In which case, the emergent church will not be a movement: it will be just a fad.


DougieB said...

the thing that strikes me about the whole emergent 'movement', if it can honestly be called that (for example, Mars Hill Bible Church in west michigan is tagged with this title, but really is only a church in and of itself and is not atively attempting to give itself such a label) is about honesty.

About taking a look at what christianity truly means and how that is being portrayed now, today and within this culture, and finding the best ways to honestly portray those truths in a current society. So, blogs get used, services are different, and fundies get upset because it does sound as black and white as christianity 'should' be, and then the 'movement' itself gets labeled as postmodern. But really, it's people who are looking to honestly express this ancient faith and it's ancient tenets in ways that are used by folk today. So, you get streaming video, podcasts, and yep, blogs.
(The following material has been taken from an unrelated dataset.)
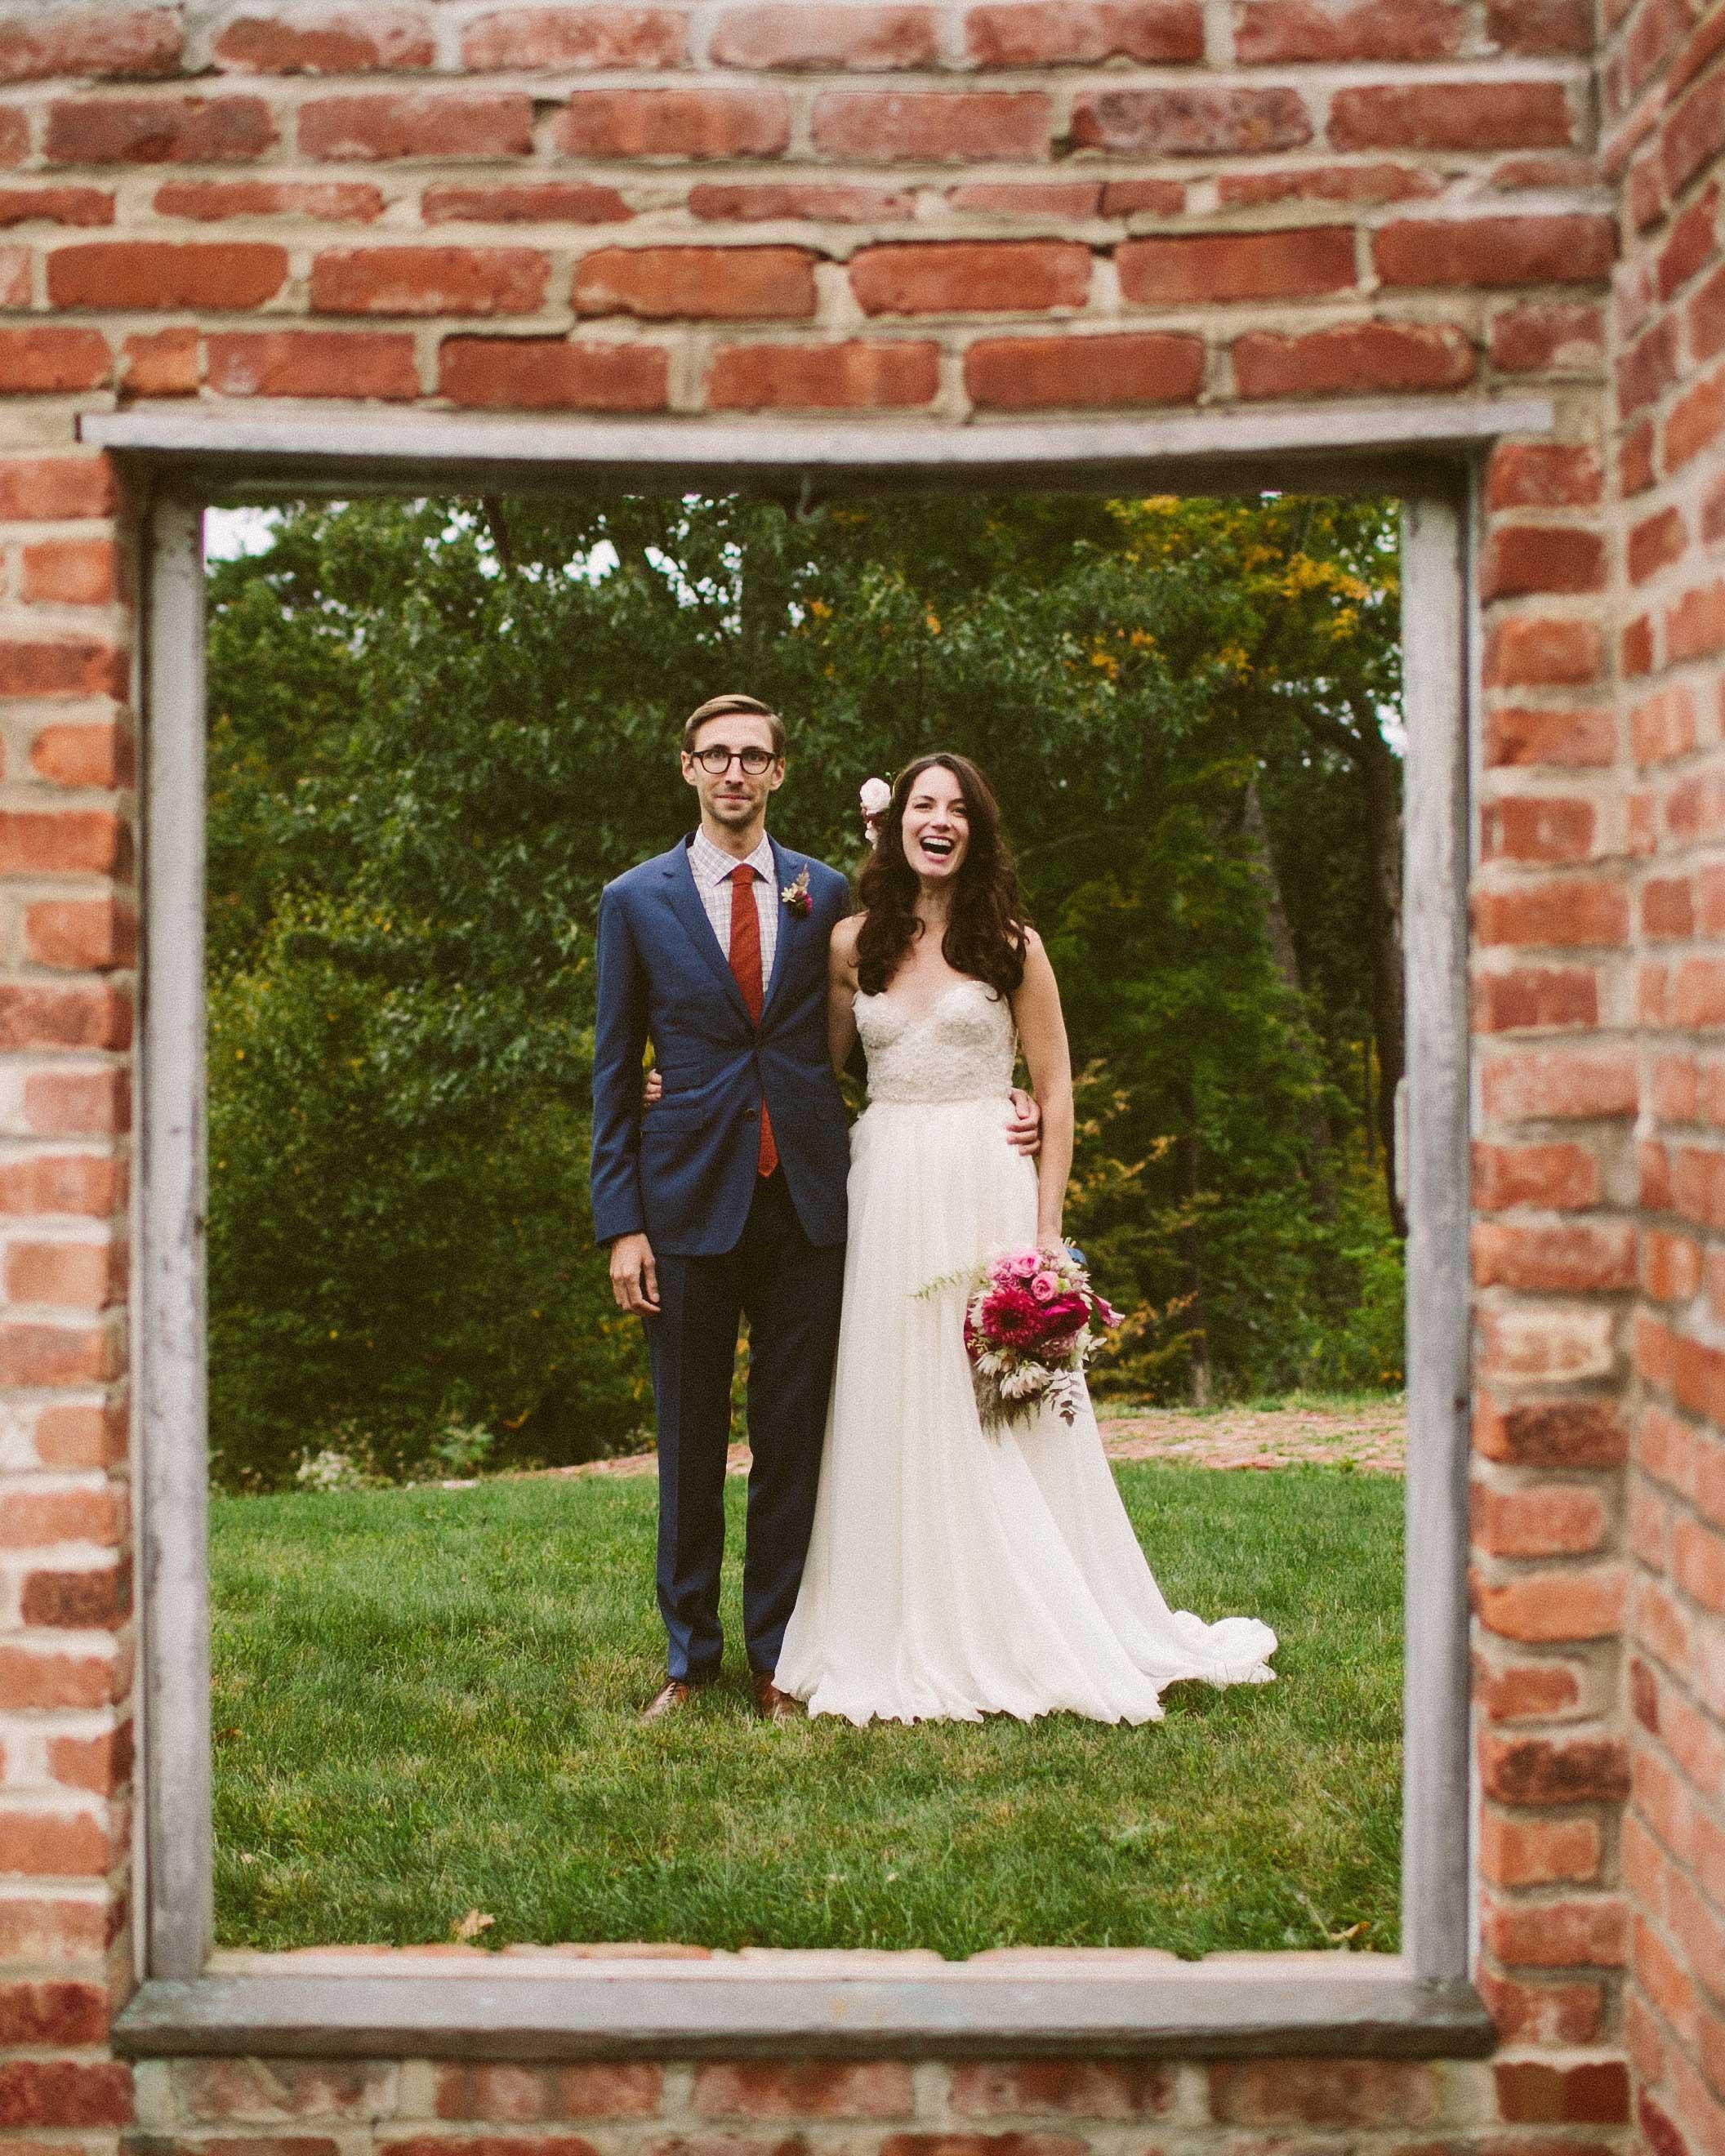 alisa-barrett-wedding-couple-233-s113048-0716.jpg
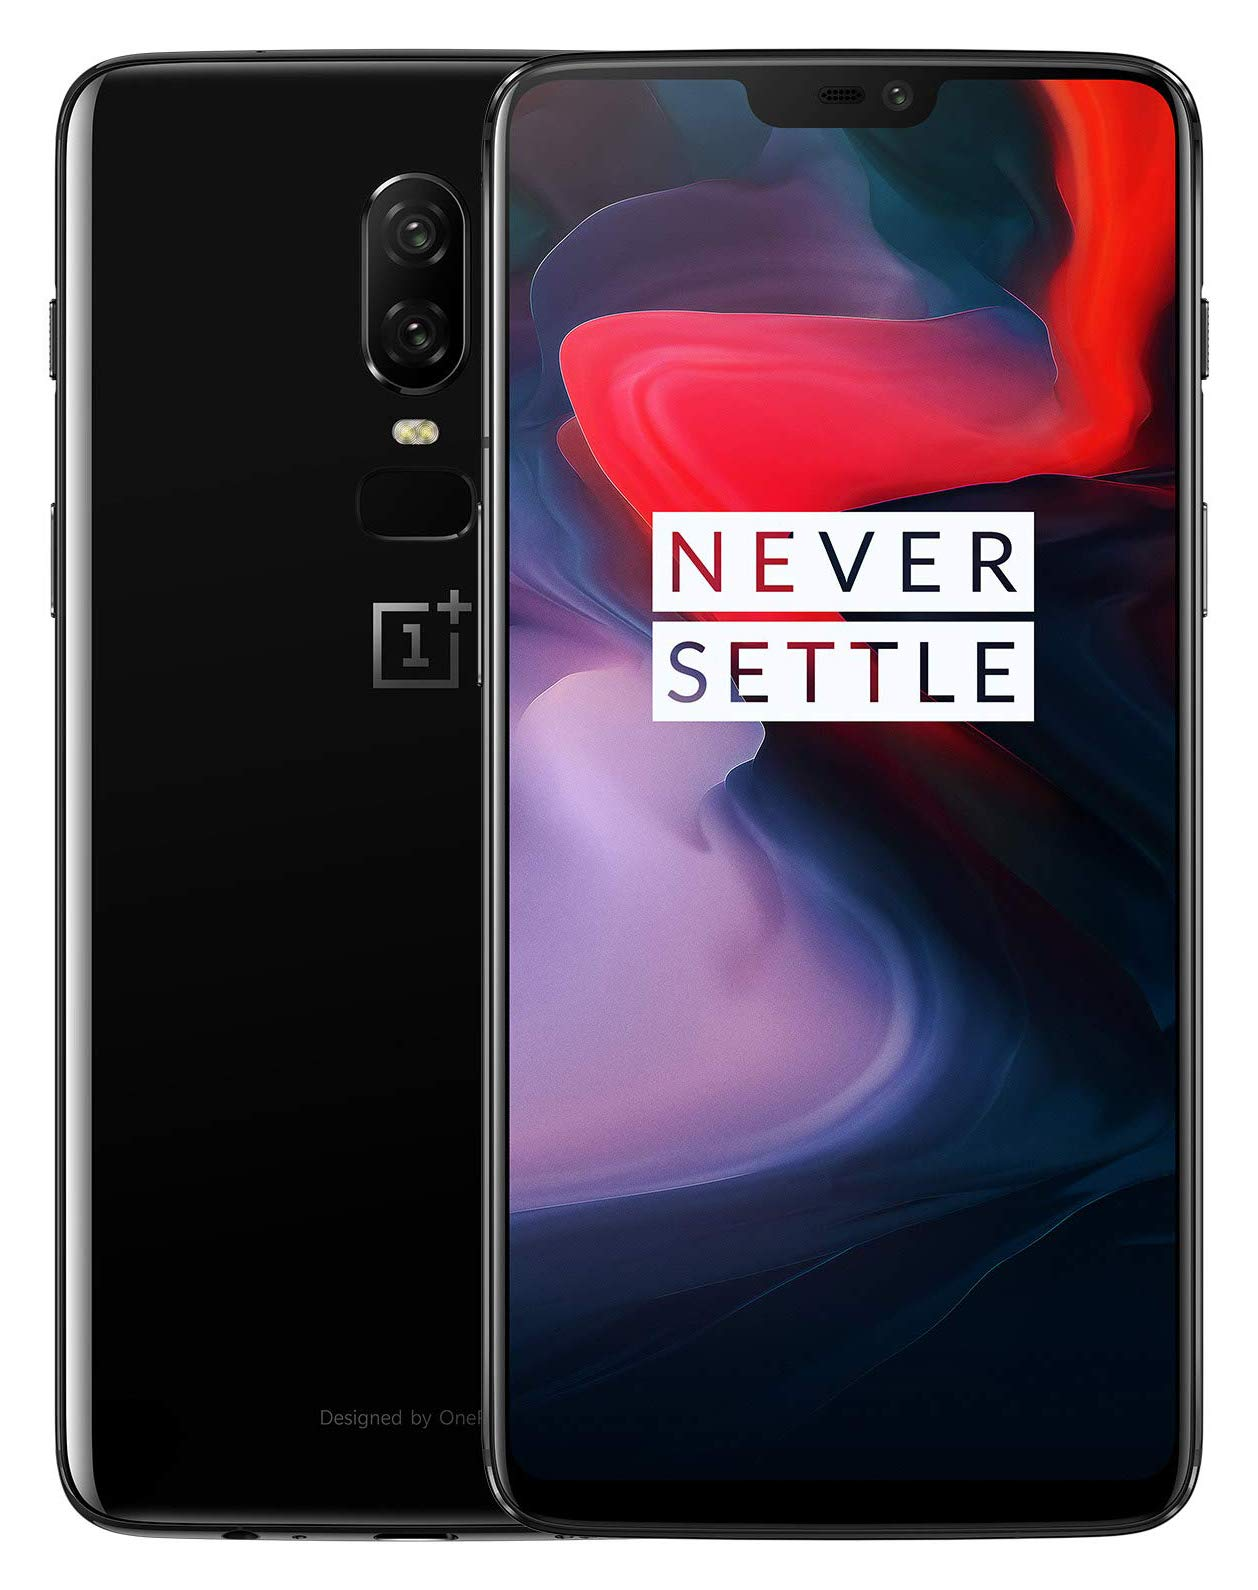 "OnePlus Factory Unlocked Phone - 6.28"" Screen - 64GB - Mirror Black"

If you would like to read some good thoughts on this whole thing, though, pick up McLaren's "A Generous Orthodoxy" - it's a wonderful book that makes me glad that I follow that Jesus guy.

Kerusso said...

The Reformation was labeled as just a fad (not in those words). But those now known as Protestants (yourself included) emerged. The church is always emerging in its present culture. I have read the primary sources and listened to many of those involved in "the emerging/emergent church" and I do not believe that they are the heretics many are making them out to be. I am the pastor of a consevative traditional church. I believe that you and many others should take the Gamaliel approach (see Acts 5). I would be more concerned about your 'reformed' brothers who are ordaining homosexuals and do not believe the Bible is authoritative. Or be concerned about the ones who are splitting orthodox evangelical churches with divisive doctrines. I believe they are doing much more harm to the cause of Christ.
If you really want to be informed, why not contact the pastors of these churches that you are so concerned about rather than angry people or academes who live in a publish or perish sort of environment. Be brave. Confront the primary sources. I feel sure that they will lovingly respond to your questions. They have been more than gracious in answering mine.
Maybe you should join the conversation. This is not Geneva and it is not the 1500s.
May God richly bless you on your journey.